In terms of the march itself, we expect it to be bigger! Last year, it was more of a general introduction to who and what we are as a movement, but this year we aim to dig deeper - we have a theme: gender-based violence. This larger theme breaks down into ten separate spheres where gender-based violence occurs, including health and healthcare, public space, education, law, interpersonal relationships, and much more.

Photo courtesy of Kate Walton-Women's March Jakarta/NOW!JAKARTA

A lot has happened over the past year, also regarding women's issues - not least the emergence of movements like #MeToo and Time's Up. Did these developments also have an impact on women in Indonesia?

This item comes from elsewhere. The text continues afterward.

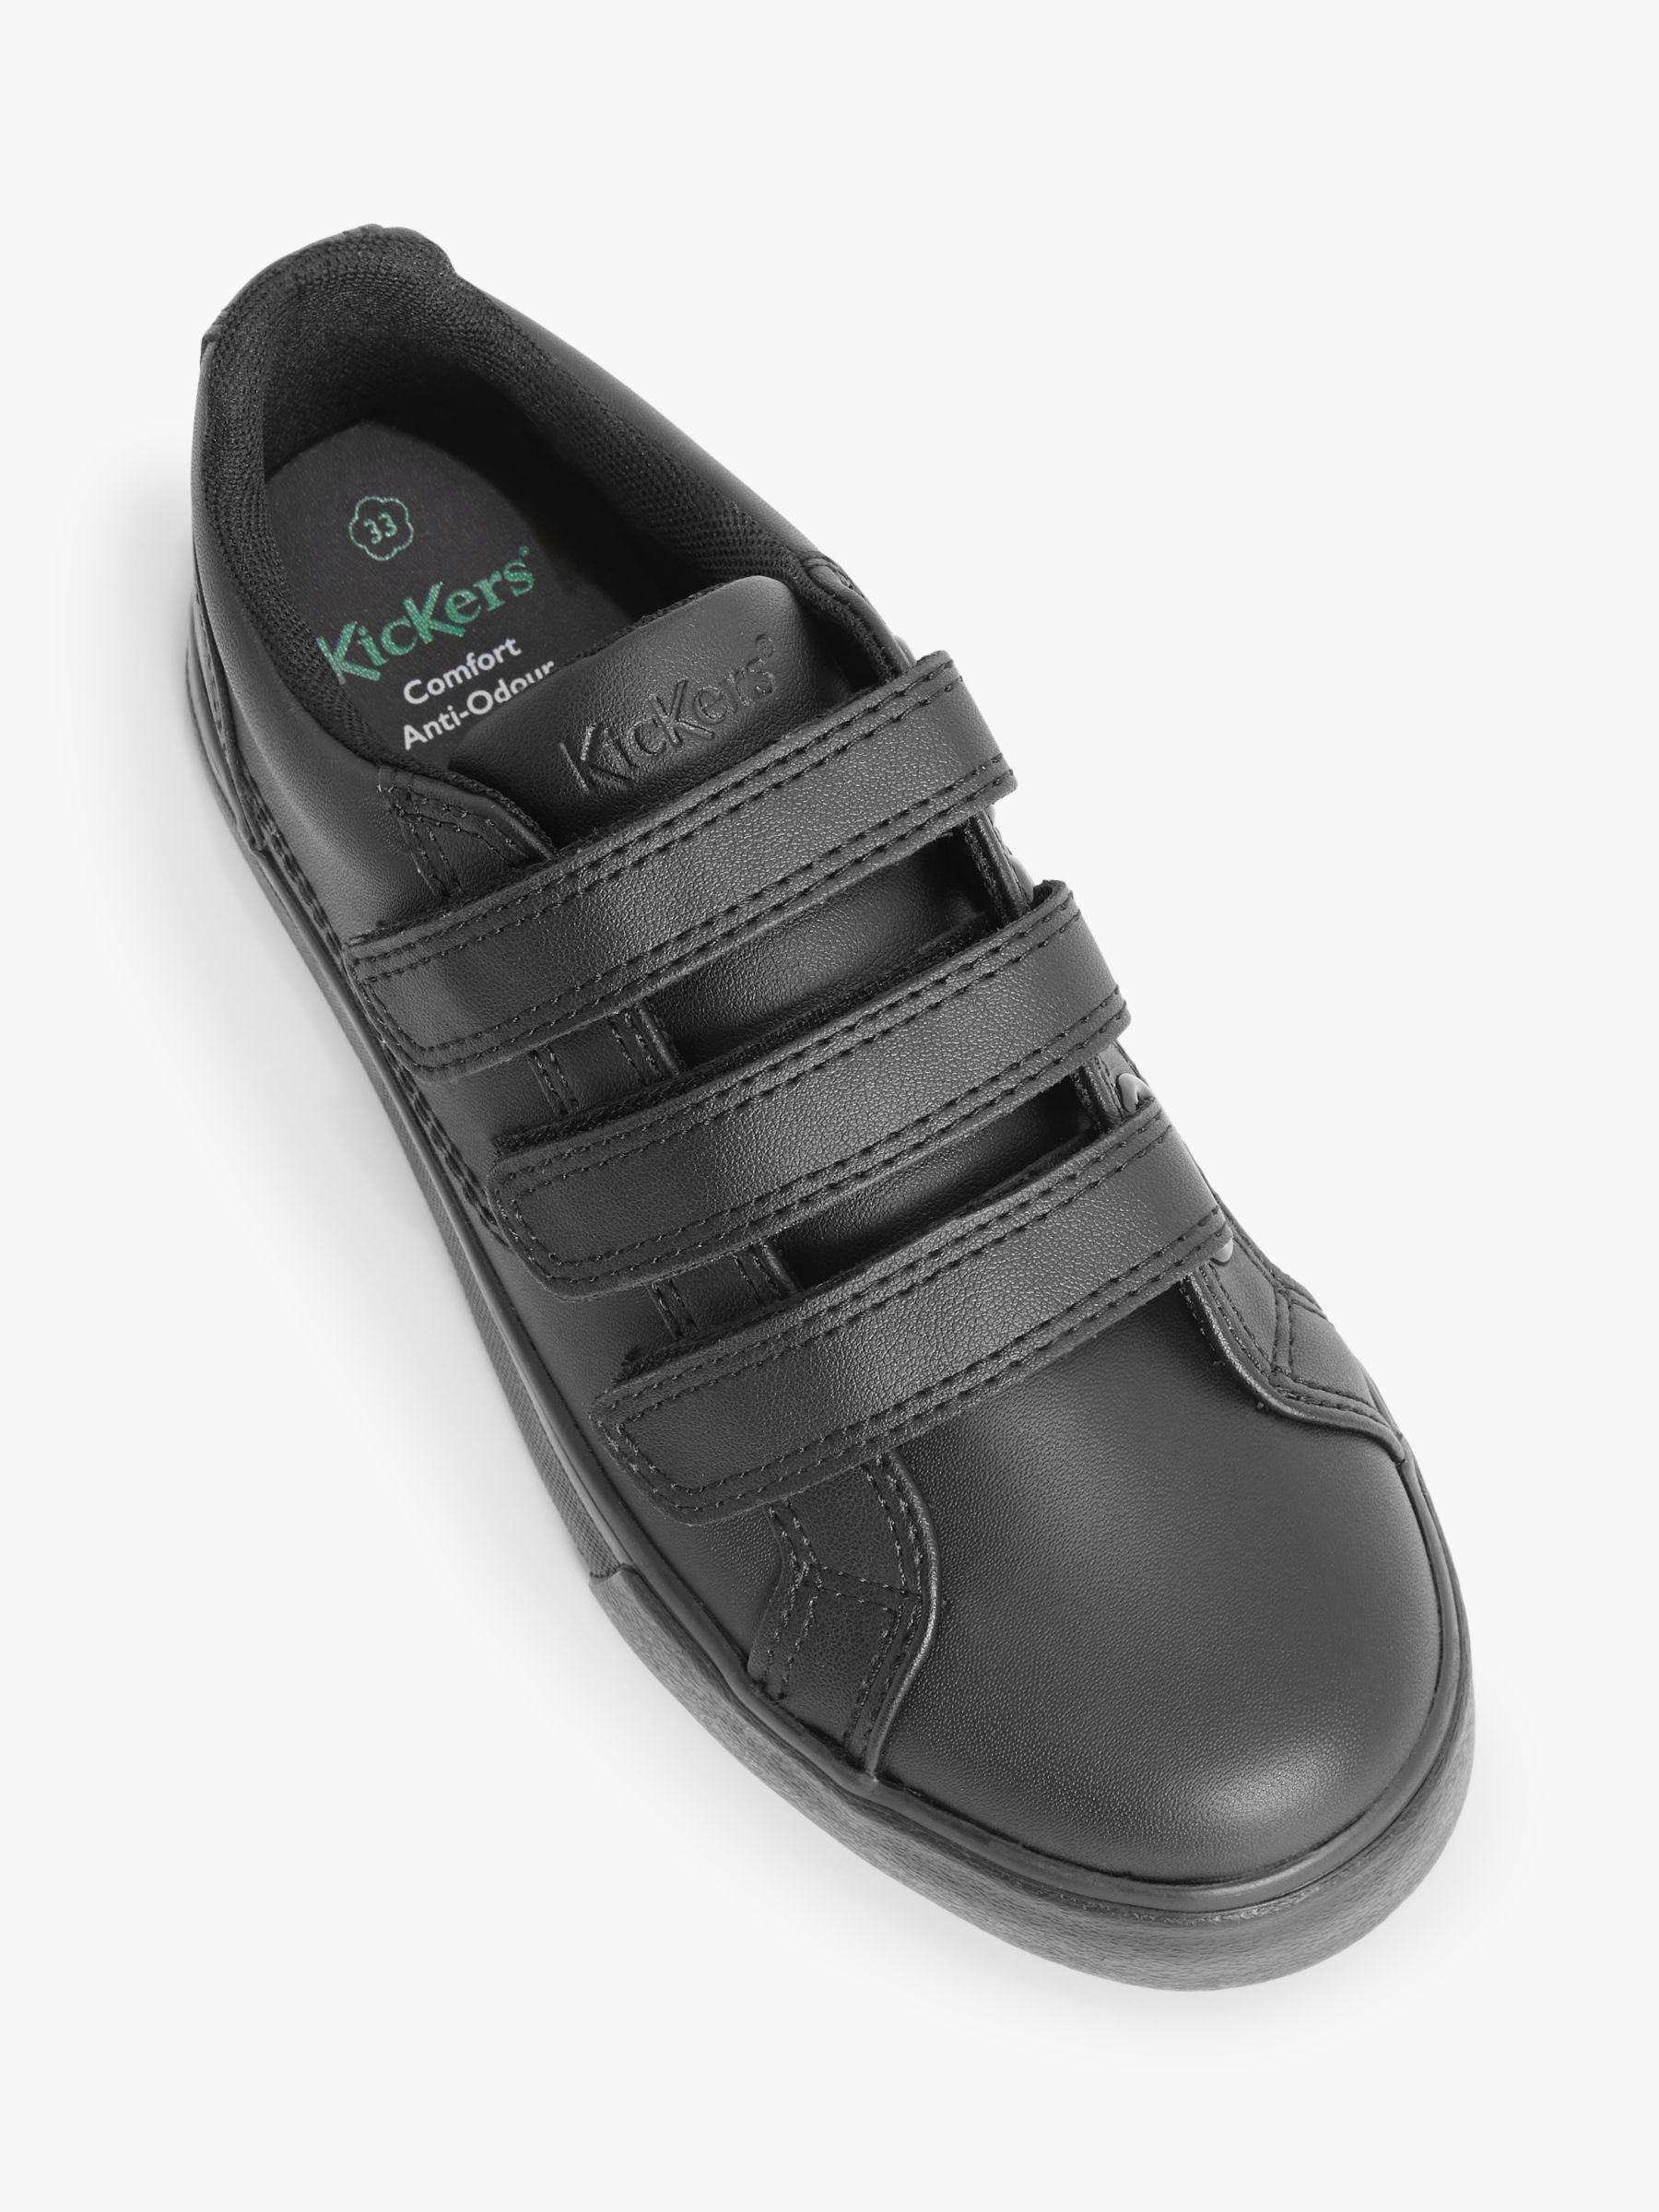 Kickers Children's Tovni Trip School Shoes, Black Leather at John Lewis

We'd like to say yes. Violence against women is very much a global issue. Sexual assault, sexual abuse - it is real and it is happening everyday. While it has not received as much attention as it has in the Anglo-American and Western world, I think between ourselves and our communities, we could show that it is a real issue. Victim blaming occurs liberally even in the most open-minded countries, let alone in Indonesia. Just take the case of the new RKUHP's article on adultery and its massive loopholes that has the potential to criminalise victims of sexual assault - even legislation seeks to make it hard to have a conversation on sexual violence.

What do you think remain the main challenges faced by women in Indonesia?

There are a lot of challenges to be faced, and the Women's March aims to address not only the women of Indonesia, but minorities and marginalised groups and the challenges they face. From discrimination, vilification, bigotry, harassment, inability to express themselves, victim-blaming, slut-shaming, control of their bodies - both by governmental bodies and larger society - this is the true face of what being a woman in Indonesia is like. It's not pretty, and we don't want to skirt around that. It's tough, and it's only getting tougher. But on the other hand, our movement is gaining momentum, and more people are speaking up.

Photo courtesy of Adit-Women's March Jakarta/NOW!JAKARTA

Leading up to the Women's March, do you plan to host any pre-events?

Yes, we will have five pre-events in total. We have a Garage Sale in tandem with a screening and discussion of women in the workplace (10 February), a Zine and Collage-making Workshop (18 February), a Legal 101 for women (22 February), a Watercolour Workshop (24 February), and finally a poster-making session with Hollaback! leading up to the march (25 February). We are so excited to see both new and familiar faces at these events. Make sure to follow all our social media channels to get all the information you need.